Rescue kennel gets early green light
By Alex Bridges
FRONT ROYAL — Warren County planners this week endorsed a resident’s plan to run a dog rescue operation out of her home.
Karin Bakken requested a conditional-use permit to operate a commercial boarding kennel at 1477 Hillandale Road, Front Royal. The 5-acre property, zoned for agricultural use, lies in the Green Hill Forest subdivision. The county requires such a permit in order to run a kennel on agricultural land.
Bakken works with the DC Area Weimaraner Rescue, which specializes in rescuing and adopting out dogs of this breed. Bakken serves as the organization’s secretary, according to the group’s website.
The Planning Commission held a public hearing on the matter Wednesday and heard from three neighbors who had concerns about noise that a kennel with a dozen dogs could generate. Speakers who indicated their opposition to the request also said they worried about how a nearby kennel would affect the value of their home. One neighbor said he plans to put his home on the market soon.

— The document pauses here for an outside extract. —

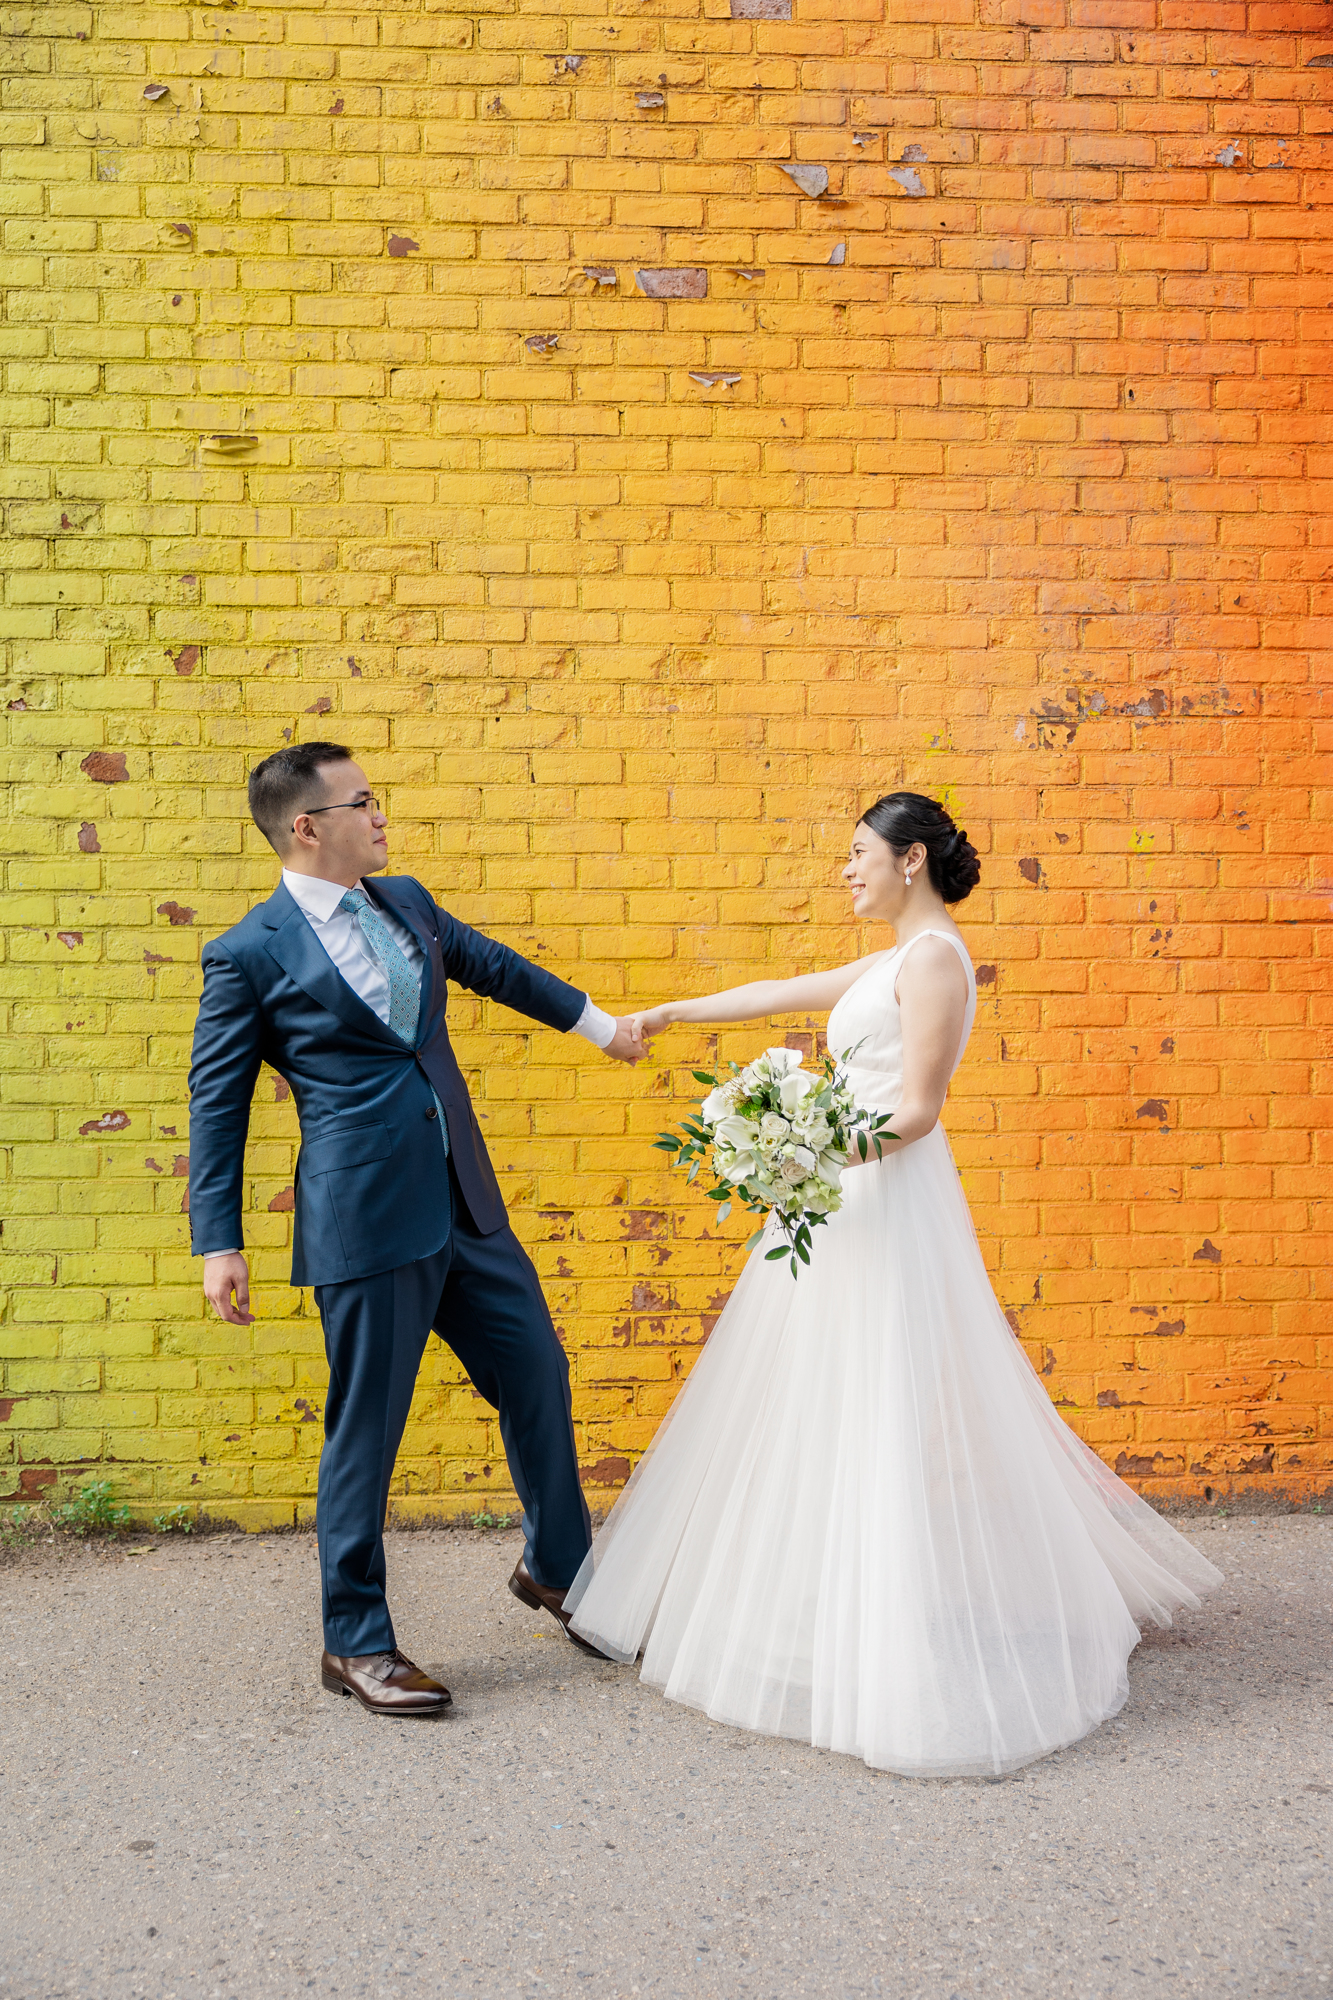 Best Restaurants to Eat at After a Fun DUMBO Elopement

Commission Chairman Mark Bower reminded speakers the hearing doesn’t serve as a question-and-answer period. However, the panel did take up the questions after they closed the hearing. Bower then asked Bakken to speak.
“I thought it was the right thing to do when I moved to the county,” Bakken said. “I was trying to do everything right.”
Bakken bought the house as a foreclosure last year and made improvements inside the property for the kennel, she said. At the time the county was in the process of setting up guidelines for commercial kennels.
County Planner Matt Wendling presented information about the permit request to the commission. Wendling explained that Bakken has stated that dogs stay on average 2-3 weeks depending on the animal’s medical issues. Foster and adoptive owners visit occasionally and by appointment only. Bakken has four dogs as pets and the amount of rescue canines fluctuates, Wendling said.
County rules allow Bakken to house up to 15 dogs on her property. Bakken explained that she doesn’t plan to keep 12 dogs at any one time, but used that number as a ceiling.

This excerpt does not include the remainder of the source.